Exploring Restaurant and Shopping Business POIs in Valdosta, GA using Yelp API

CP8883 Intro to Urban Analytics Fall 2024 - Mini Assignment 1

Thanawit Suwannikom

2024-09-19

Introduction

This R Markdown document provides R script for getting business pois using Yelp API focusing on restaurant and shopping categories by incorporate the Census Tract geographic data to facilitate determination of coordinates for calling Yelp API.
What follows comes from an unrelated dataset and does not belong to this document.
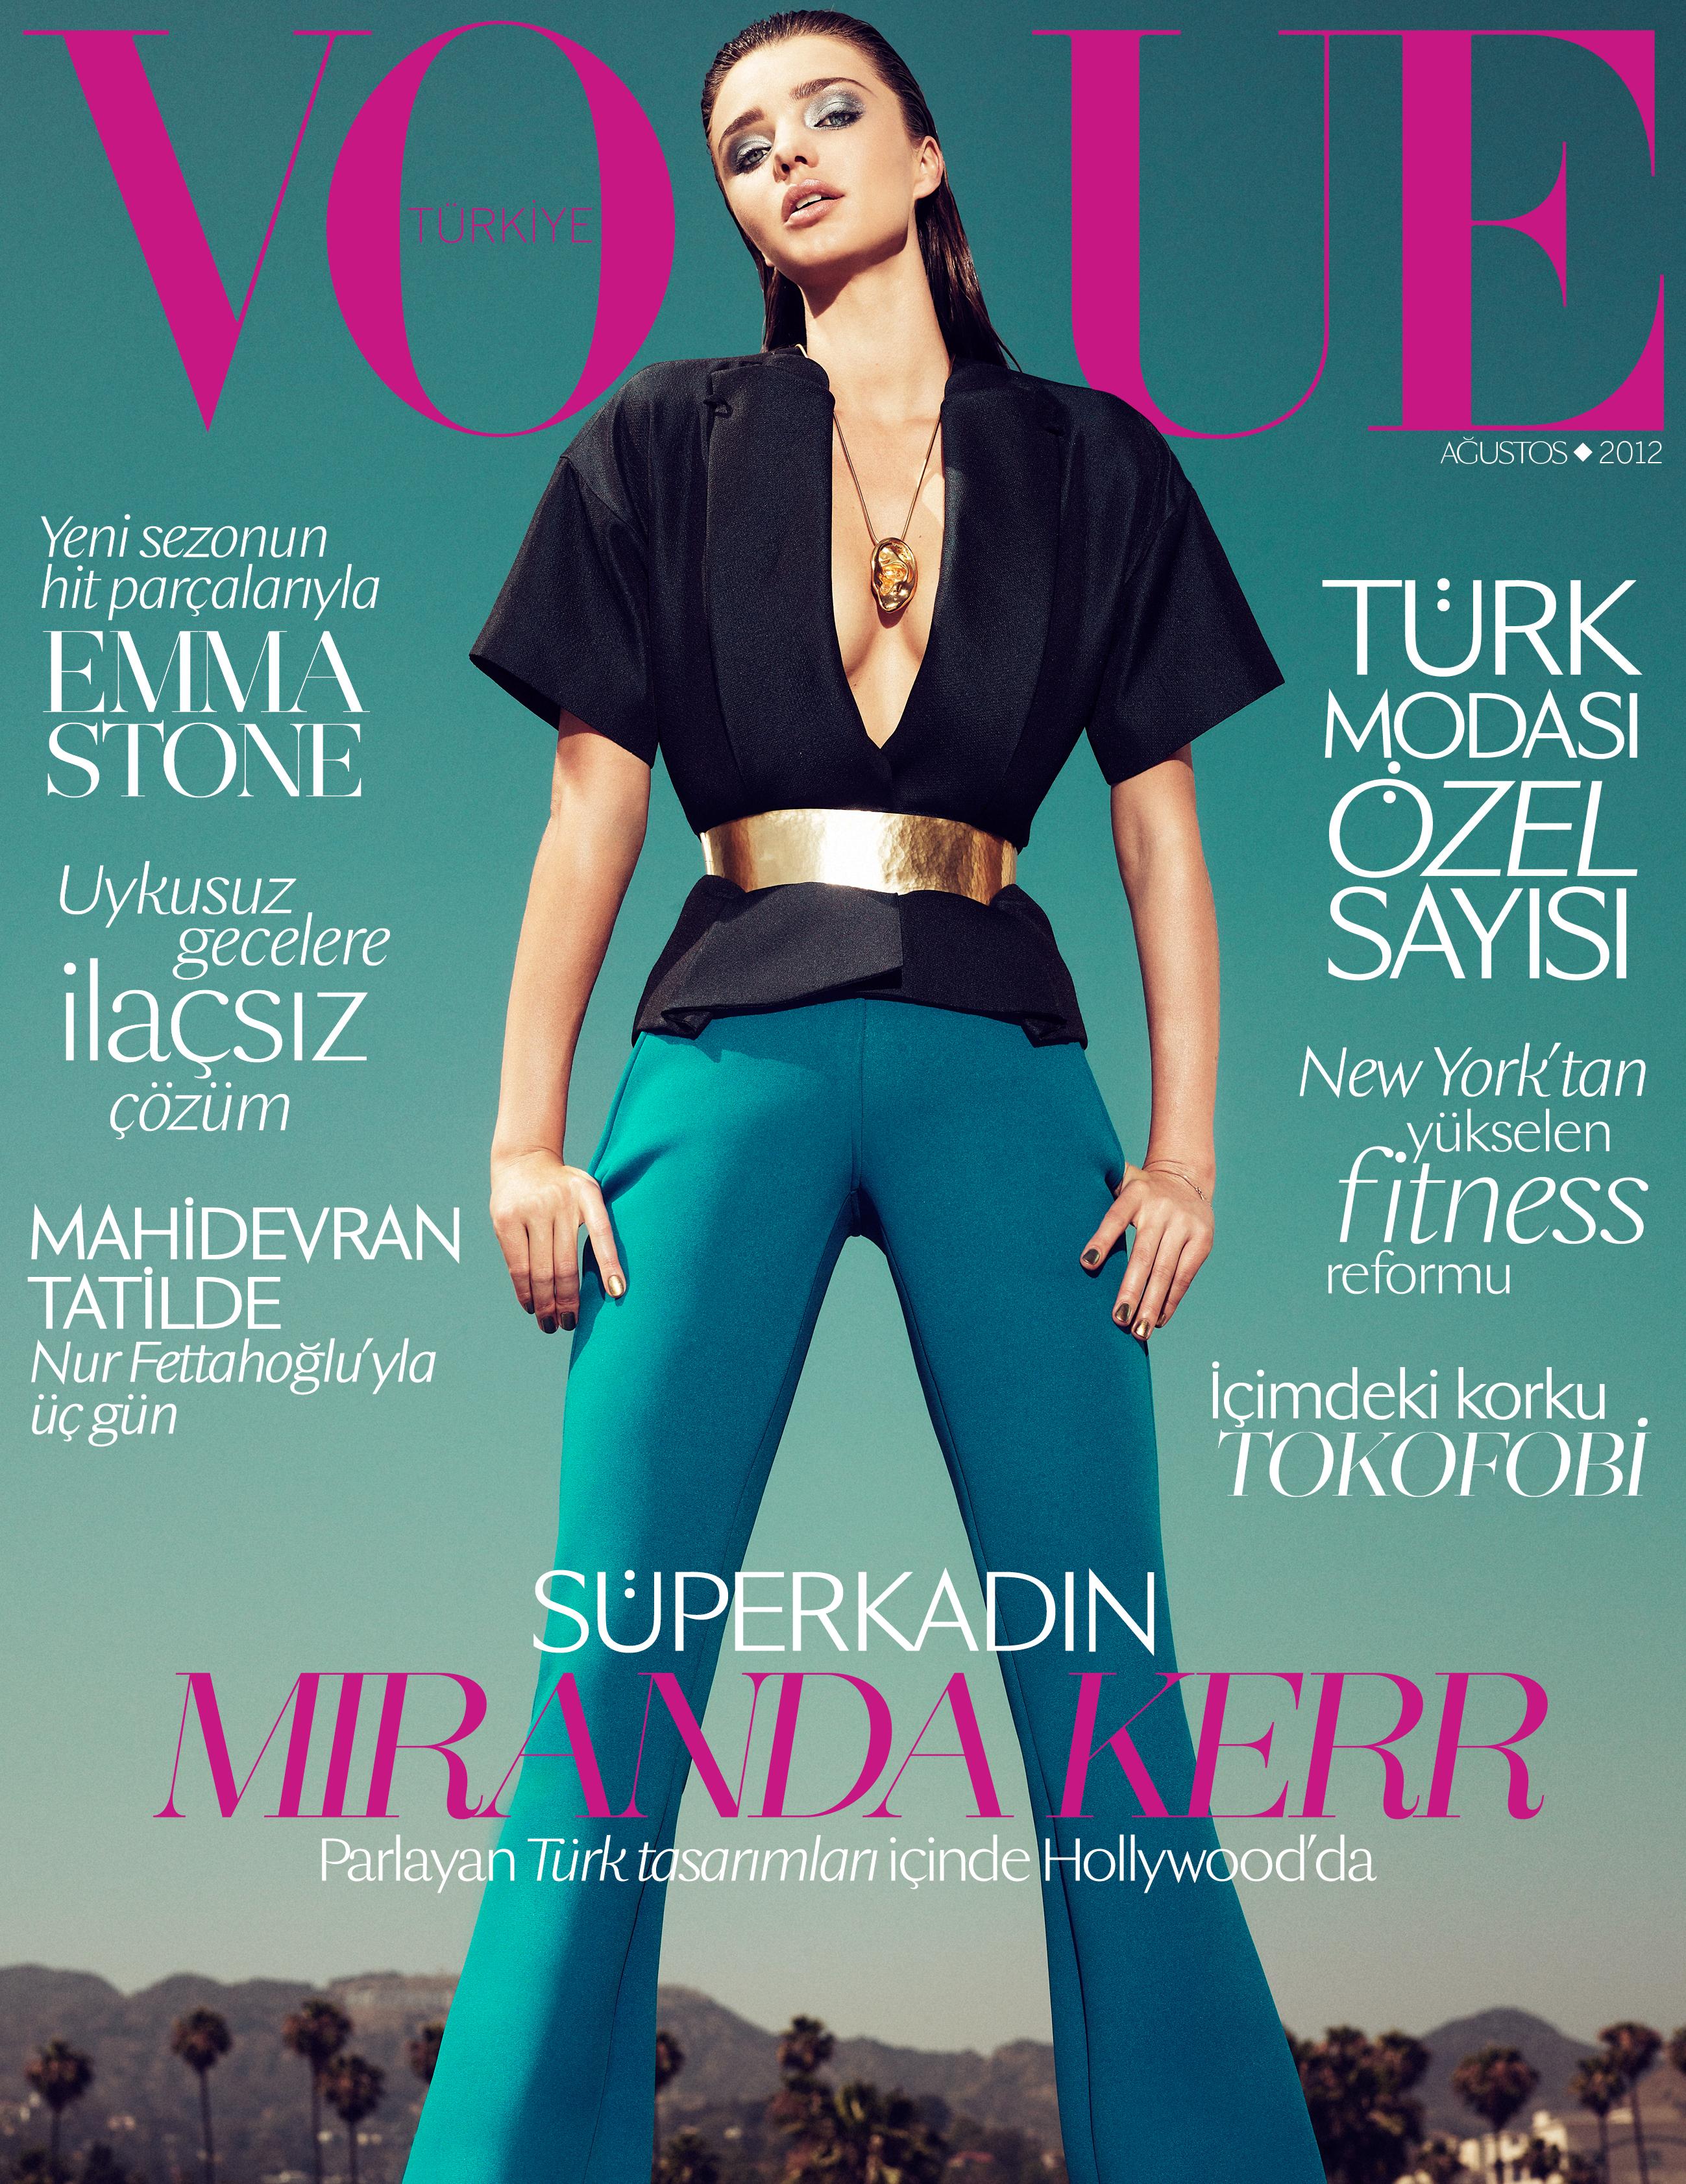 Süperkadın Miranda Kerr
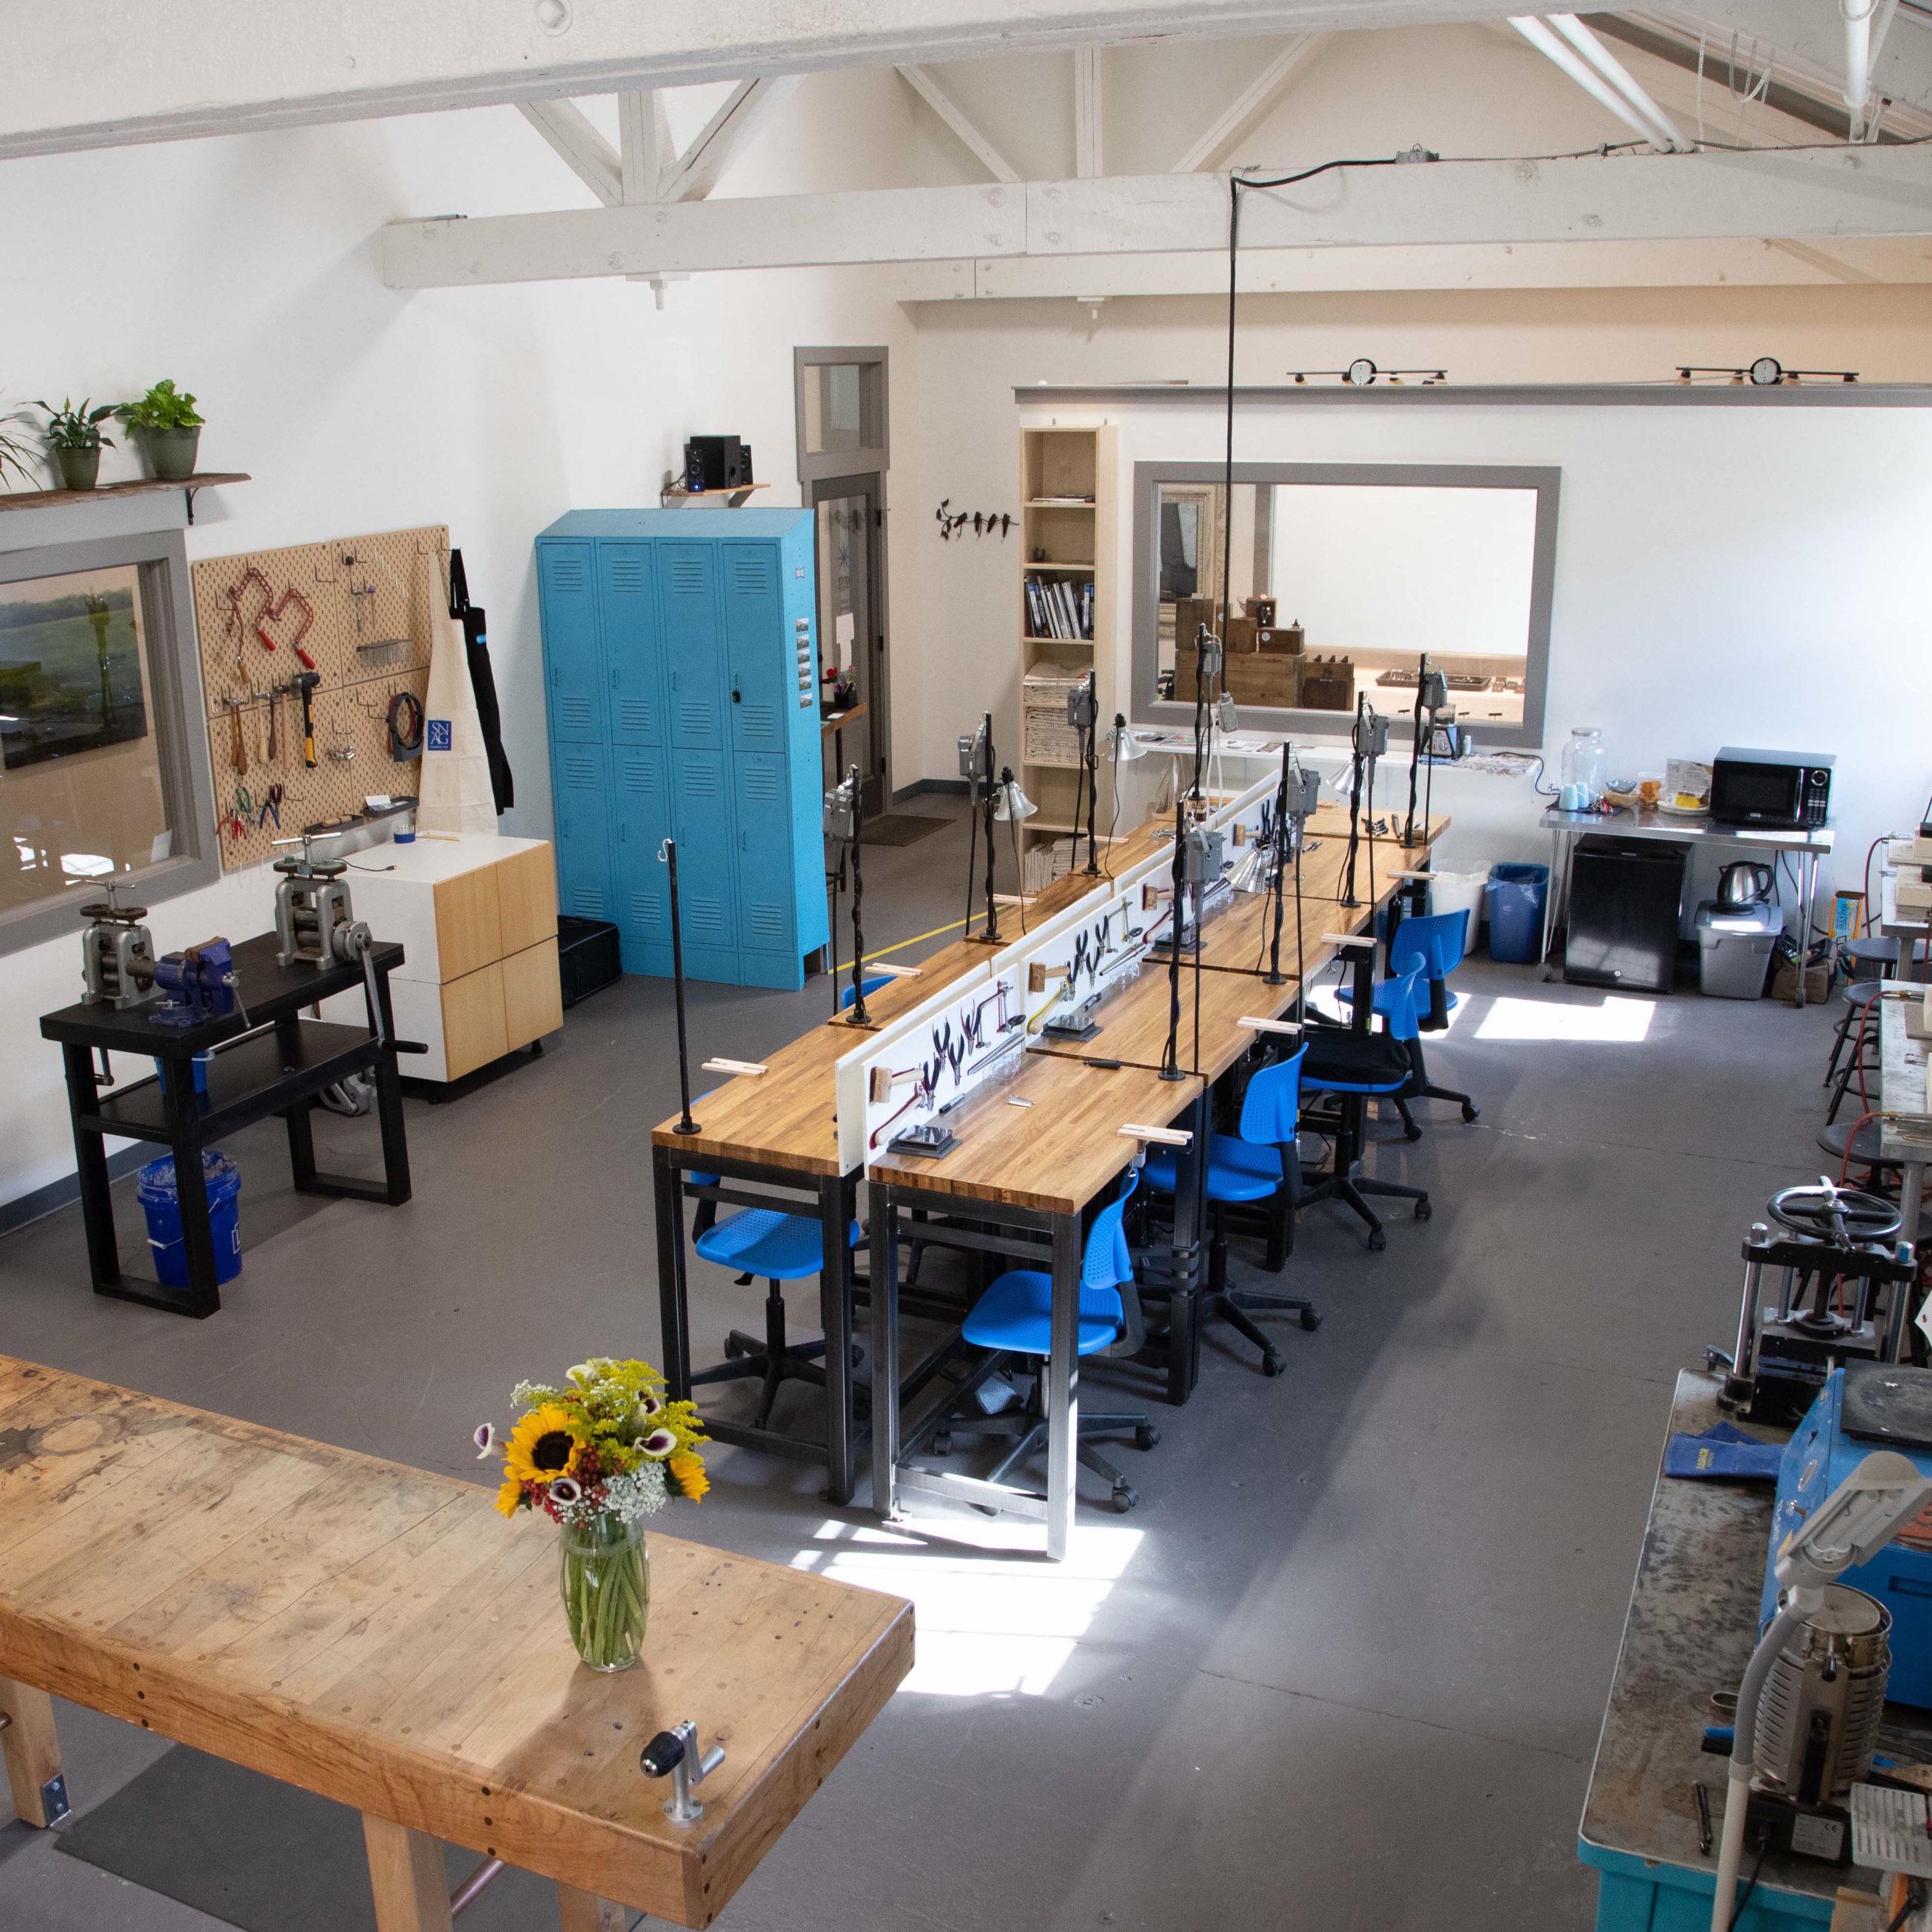 Asheville-jewelry-class-workshop-Ignite-studios-square

This document is broken into 4 parts including

  1. Getting Census Tract and City Boundary
  2. Preparation for Yelp API calling
  3. Getting Business POIs from Yelp API
  4. Data Cleaning and Visualization

Import libraries

library(tidycensus)
library(sf)
library(tmap)
library(jsonlite)
library(tidyverse)
library(httr)
library(jsonlite)
library(reshape2)
library(here)
library(yelpr)
library(knitr)

1. Census Tract and City Boundary

In this study, Valdosta, GA is the city of interest.

Select City

city <- "Valdosta"
state <- "GA"
county <- "Lowndes"

Load Census Tract of Lowndes County, GA using CENSUS API

# Activate census api key
tidycensus::census_api_key(Sys.getenv("CENSUS_API_KEY"))
## To install your API key for use in future sessions, run this function with `install = TRUE`.
tract <- suppressMessages(
  get_acs(geography = "tract", # or "block group", "county", "state" etc. 
          state = state,
          county = c(county), 
          variables = c(hhincome = 'B19019_001'),
          year = 2022,
          survey = "acs5", # American Community Survey 5-year estimate
          geometry = TRUE, # returns sf objects
          output = "wide") # wide vs. long
)

Get the polygon of Valdosta, GA from tigris

city_polygon <- tigris::places(state) %>% 
            filter(NAME == city)
## Retrieving data for the year 2022

Filter Census Tract for Valdosta, GA

census_tract <- tract[city_polygon, ]

# View the number of rows and columns of the census tract
message(sprintf("nrow: %s, ncol: %s", nrow(census_tract), ncol(census_tract)))
## nrow: 25, ncol: 5

Adjusting table for nice visualization

census_tract %>% head() %>% knitr::kable()
GEOID NAME hhincomeE hhincomeM geometry
13185011100 Census Tract 111; Lowndes County; Georgia 38413 22958 MULTIPOLYGON (((-83.30259 3…
13185010404 Census Tract 104.04; Lowndes County; Georgia 40216 7321 MULTIPOLYGON (((-83.28802 3…
13185010601 Census Tract 106.01; Lowndes County; Georgia 33234 8684 MULTIPOLYGON (((-83.29609 3…
13185011200 Census Tract 112; Lowndes County; Georgia 58635 12487 MULTIPOLYGON (((-83.33315 3…
13185010900 Census Tract 109; Lowndes County; Georgia 31974 11686 MULTIPOLYGON (((-83.32097 3…
13185010403 Census Tract 104.03; Lowndes County; Georgia 37402 31935 MULTIPOLYGON (((-83.26592 3…
# Select only GEOID and hhincomeE
census_tract <- census_tract %>% 
  select(GEOID, 
         hhincome = hhincomeE)

Display Valdosta City Polygon and Census Tract in the City

tmap_mode("view")
## tmap mode set to interactive viewing
tm_shape(census_tract) + tm_borders(lwd = 2) + 
  tm_shape(city_polygon) + tm_polygons(col = '#ffa500', alpha = 0.4)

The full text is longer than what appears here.